Fiorina Gets No Support From HP In Senate Race

Former HP CEO Carly Fiorina is finding little support from her old company in her bid to unseat Sen. Barbara Boxer

If Carly Fiorina is going to unseat incumbent U.S. Sen. Barbara Boxer, D-Calif., she’s apparently going to have to do it without the support of some at Hewlett-Packard.

That could spell some difficulty for Fiorina, who—with no political record to speak of, outside of her role as a proxy during Sen. John McCain’s presidential run—will have to rely a great deal on tenure as HP’s CEO.

A week after HP heir Arianna Packard blasted Fiorina for not being conservative enough and for what she described as a disastrous time leading HP, the Sacramento Bee has reported that HP’s PAC (political action committee) has donated $10,000 (£6665) to Boxer’s campaign.

And that’s after Arianna Packard already had donated $4,200 to the campaign of Chuck DeVore, a Republican state assemblyman who is running against Fiorina for the GOP nomination.

At the state GOP convention on 13 March, she reportedly unveiled a short film attacking Boxer on a number of fronts, including fiscal policy and the environment. Fiorina said she is the only GOP candidate capable of beating Boxer. She also touted her own record as HP’s CEO, talking about how she steered the company through tough economic times.

However, not everyone saw it that way. In her letter to Sens.
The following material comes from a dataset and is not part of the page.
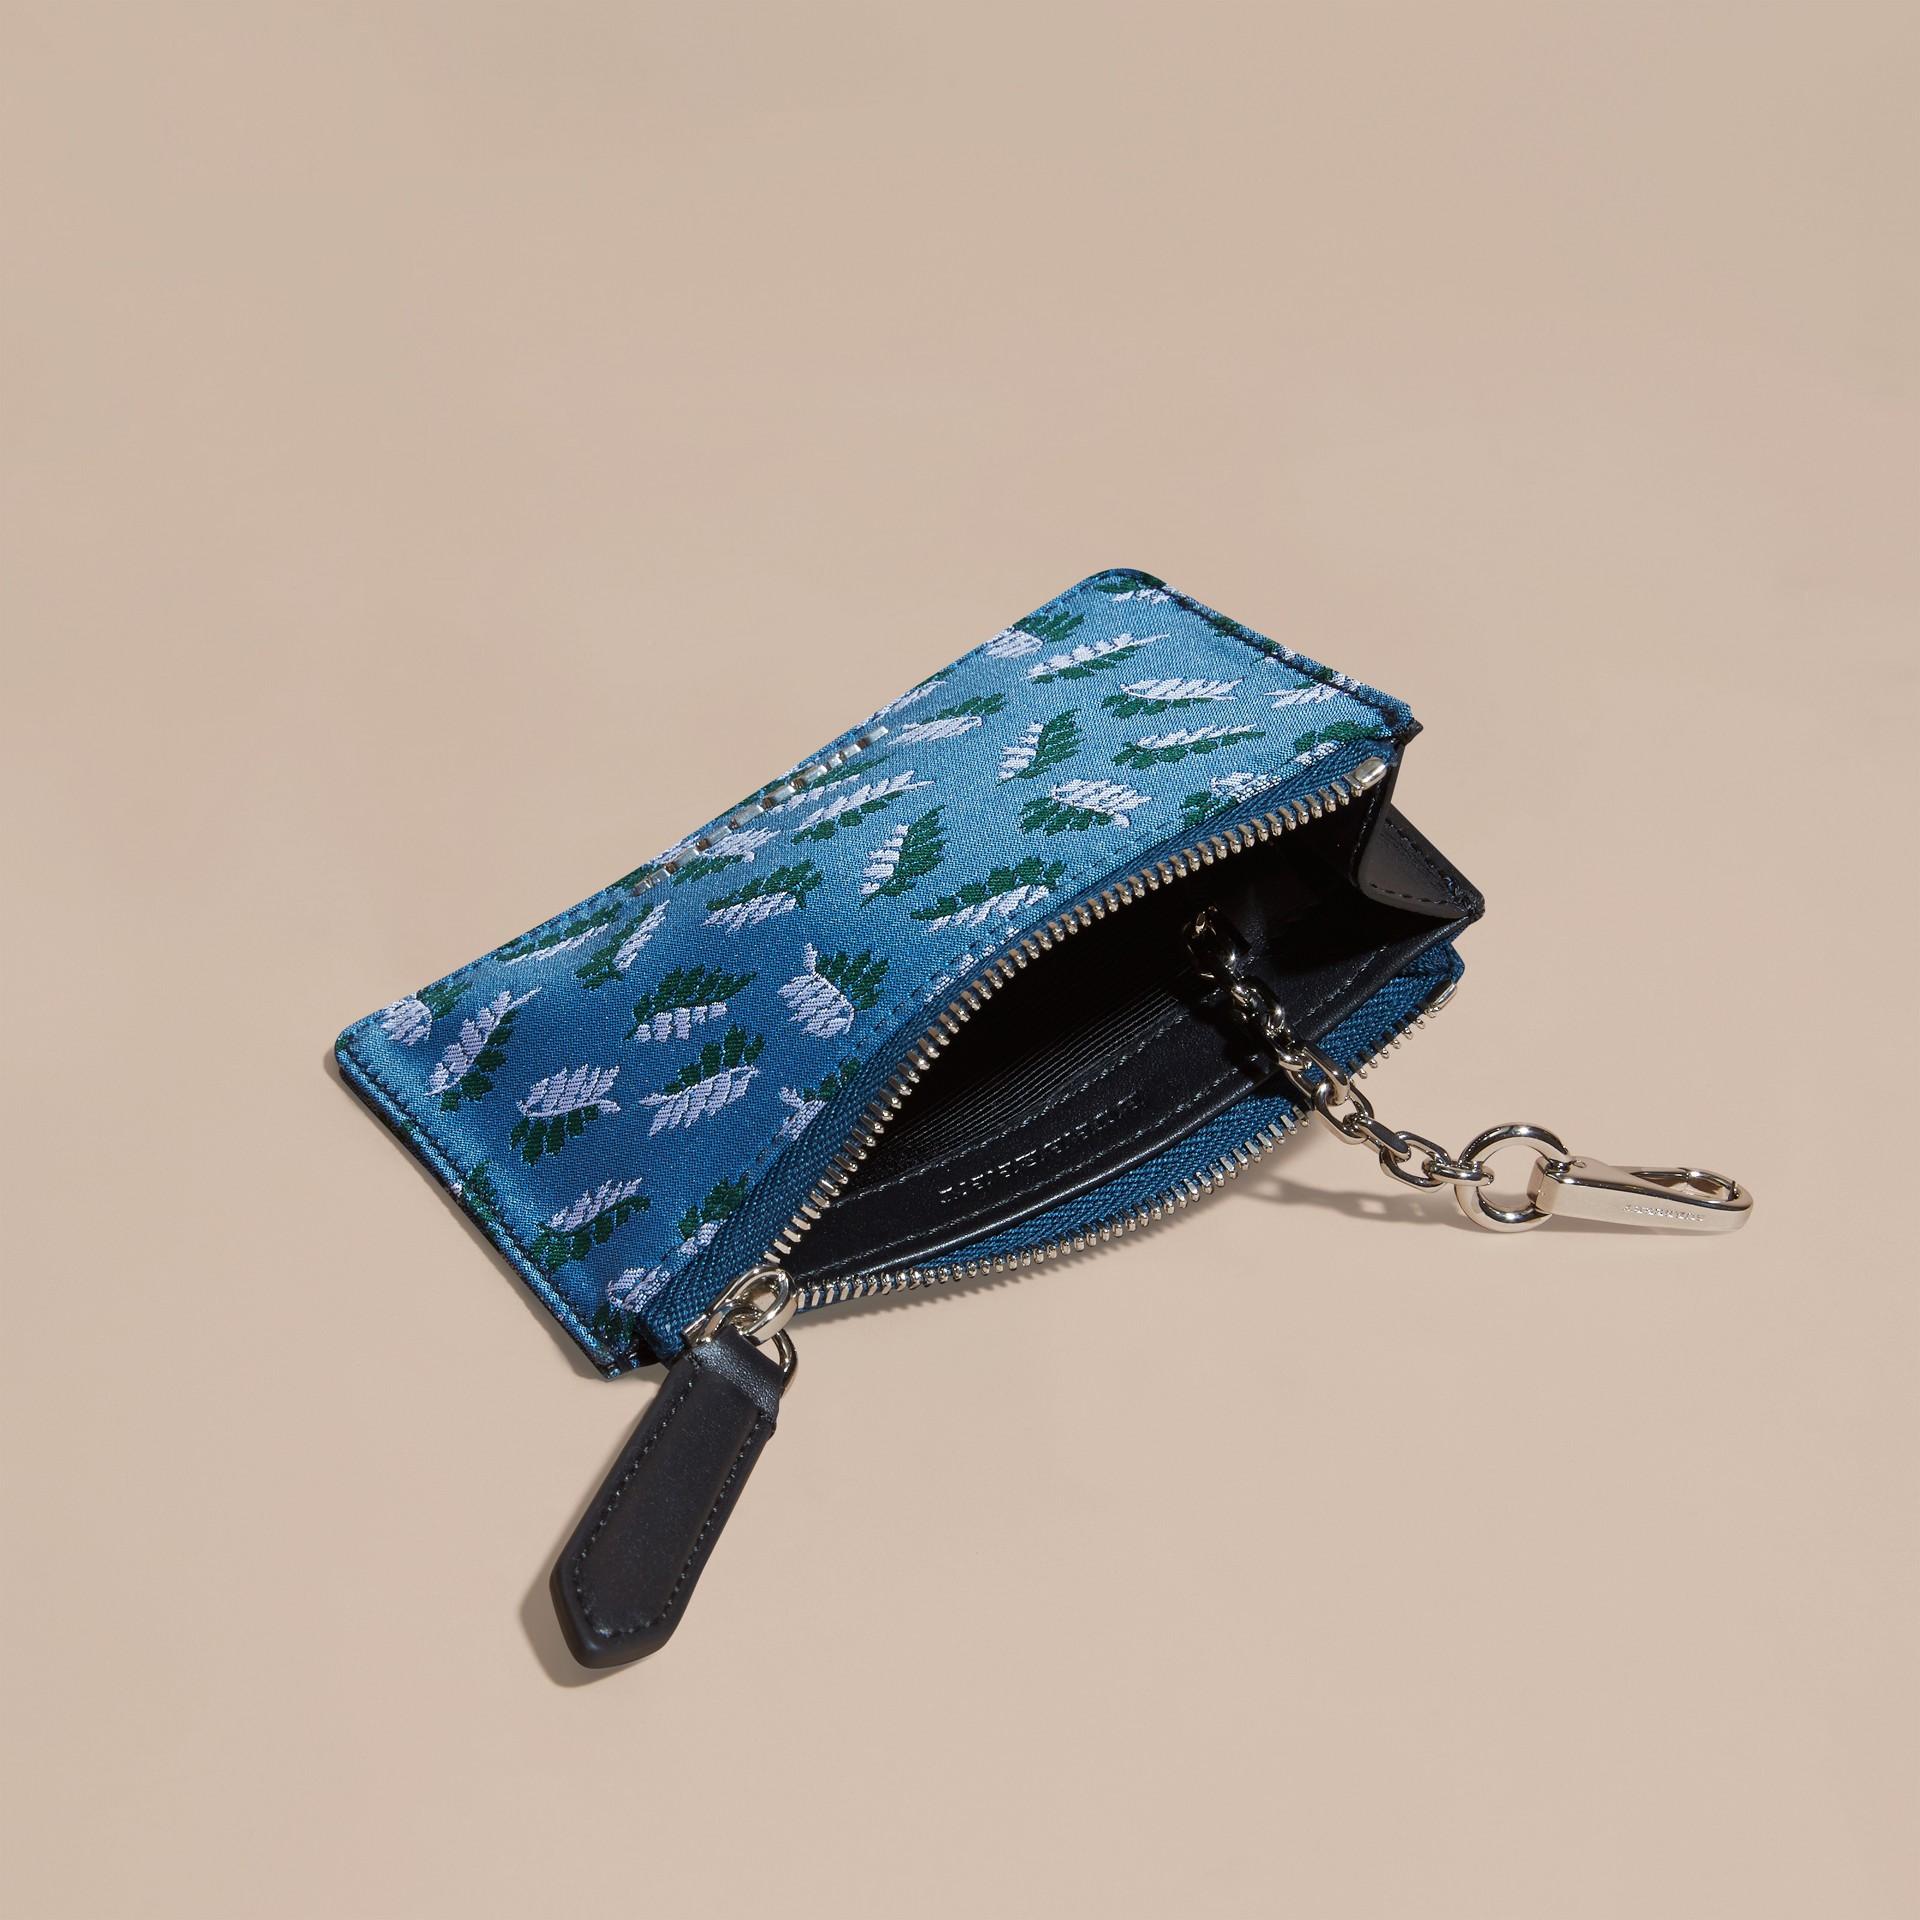 Bleu azur intense Portefeuille en jacquard à motif feuillage avec zip supérieur Bleu Azur Intense - photo de la galerie 5

Jon Kyl, R-Ariz., Tom Coburn, R-OK, and James Inhofe, R-OK, Arianna Packard said she was “saddened by your recent letter in support of Carly Fiorina”.
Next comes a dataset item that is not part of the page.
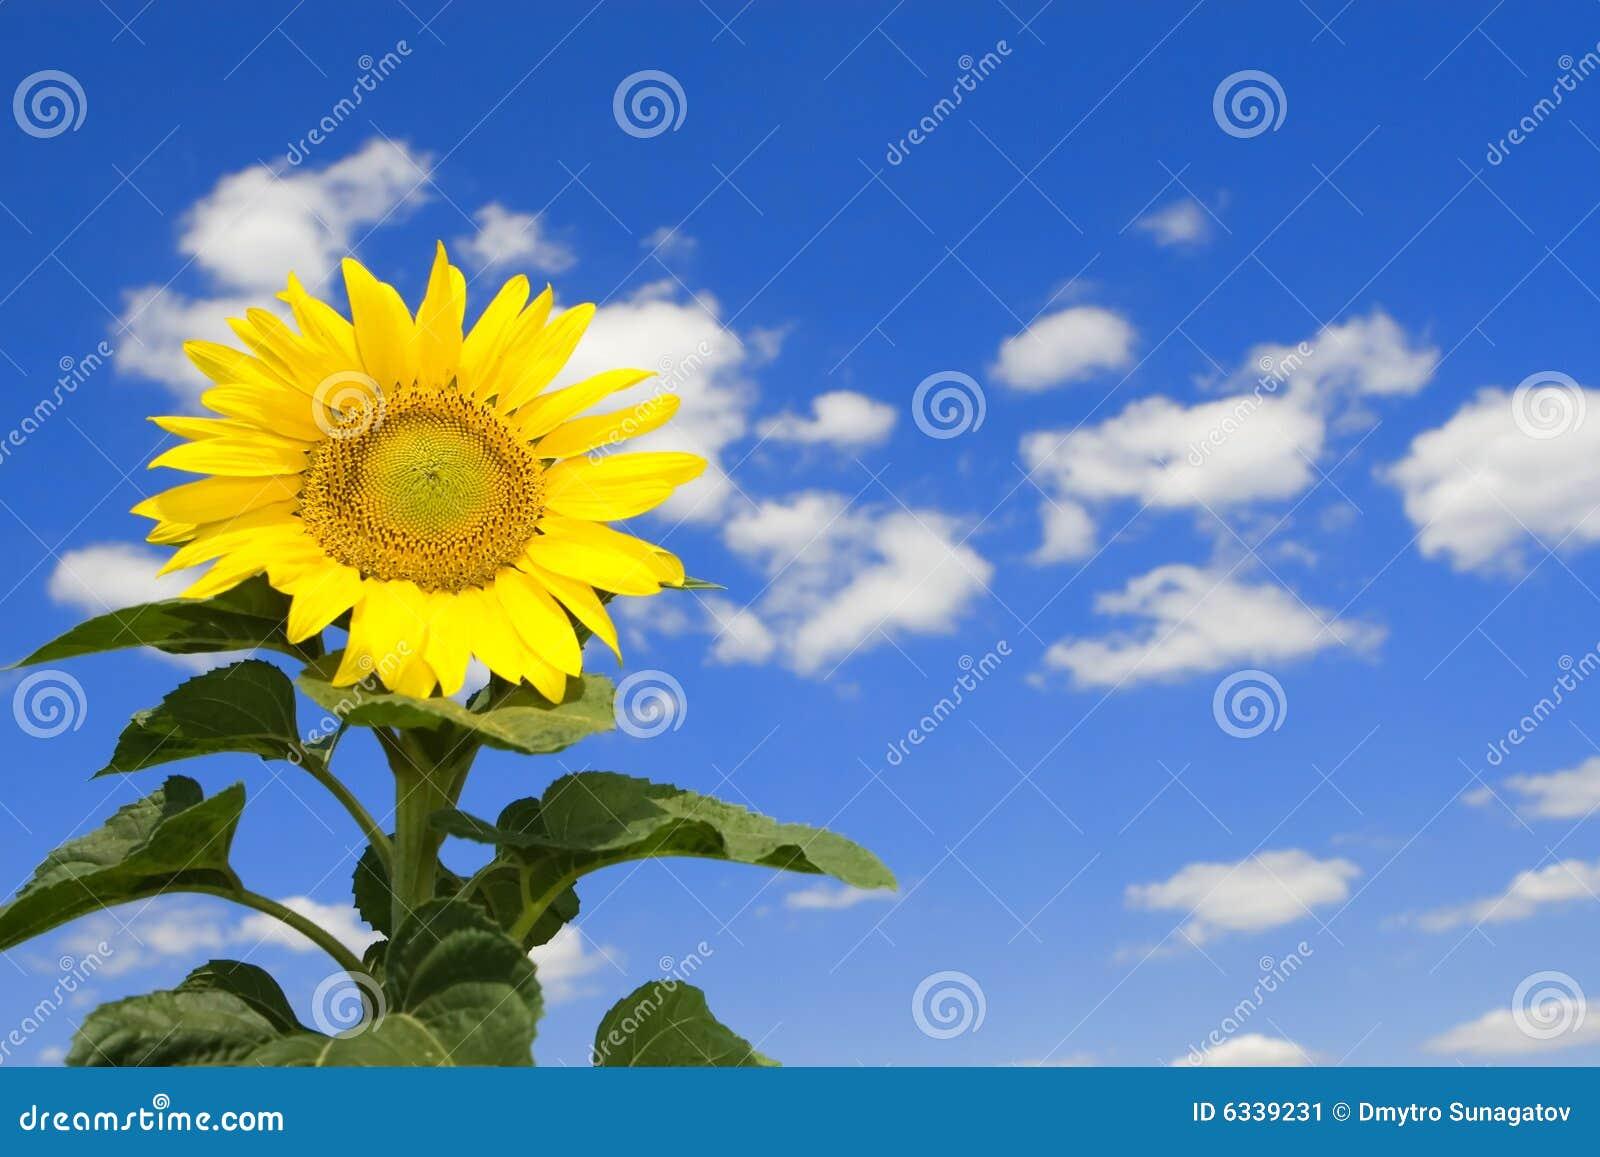 Amazing Sunflower And Blue Sky Stock Image - Image: 6339231

“I know a little about Carly Fiorina, having watched her almost destroy the company my grandfather founded,” Packard said in the letter. “You write that she is a ‘proven business leader.’ This may be how she spins her career, but most business commentators consider Fiorina’s tenure at HP to be a disaster.”
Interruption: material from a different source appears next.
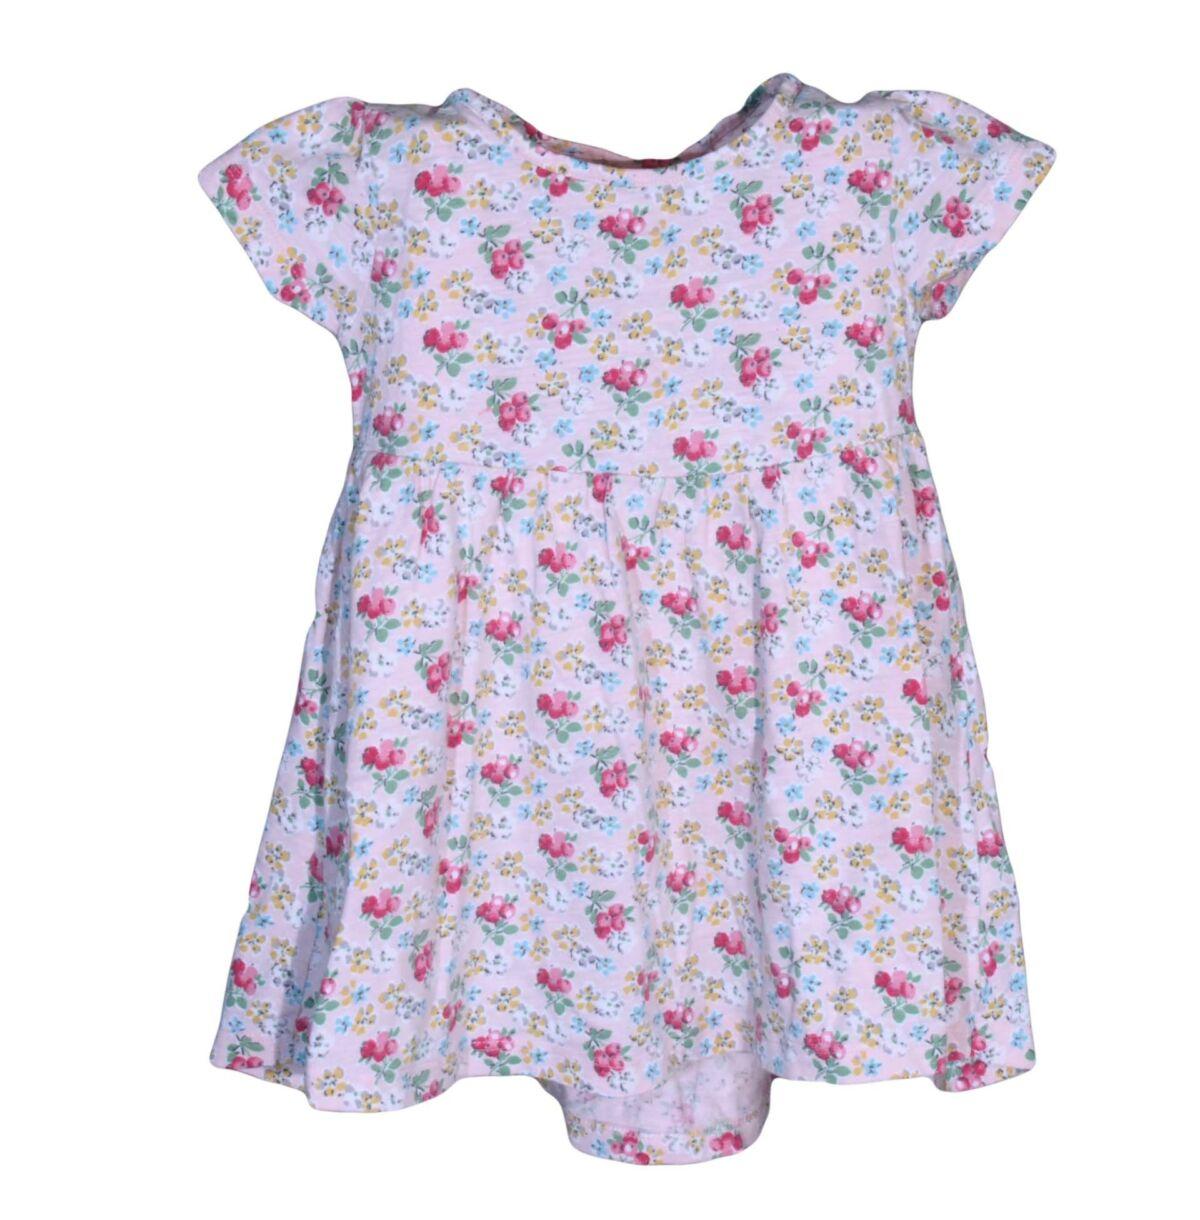 6f5357789a gyerekruha. Rózsaszín bogyós ruha ...

Packard, a New York resident who was in California the weekend of 13 March to raise money for DeVore’s campaign, noted how the company’s stock price tumbled during Fiorina’s tenure, and questioned the success of HP’s merger with Compaq.
She also raised issues with Fiorina’s political leanings.

“If Ms. Fiorina is what passes for conservative in Washington today, then the establishment has veered sadly to the left,” she wrote, praising DeVore and Tom Campbell, a former Republican Congressman who in January opted out of the governor’s race to challenge Fiorina and DeVore for the GOP Senatorial nomination.

Both DeVore and Campbell also have been attacking Fiorina’s record as HP’s CEO.

Fiorina is one of two former CEOs of top-tier high-tech companies running for statewide office in California. Meg Whitman, the ex-head of eBay, is seeking the governor’s seat.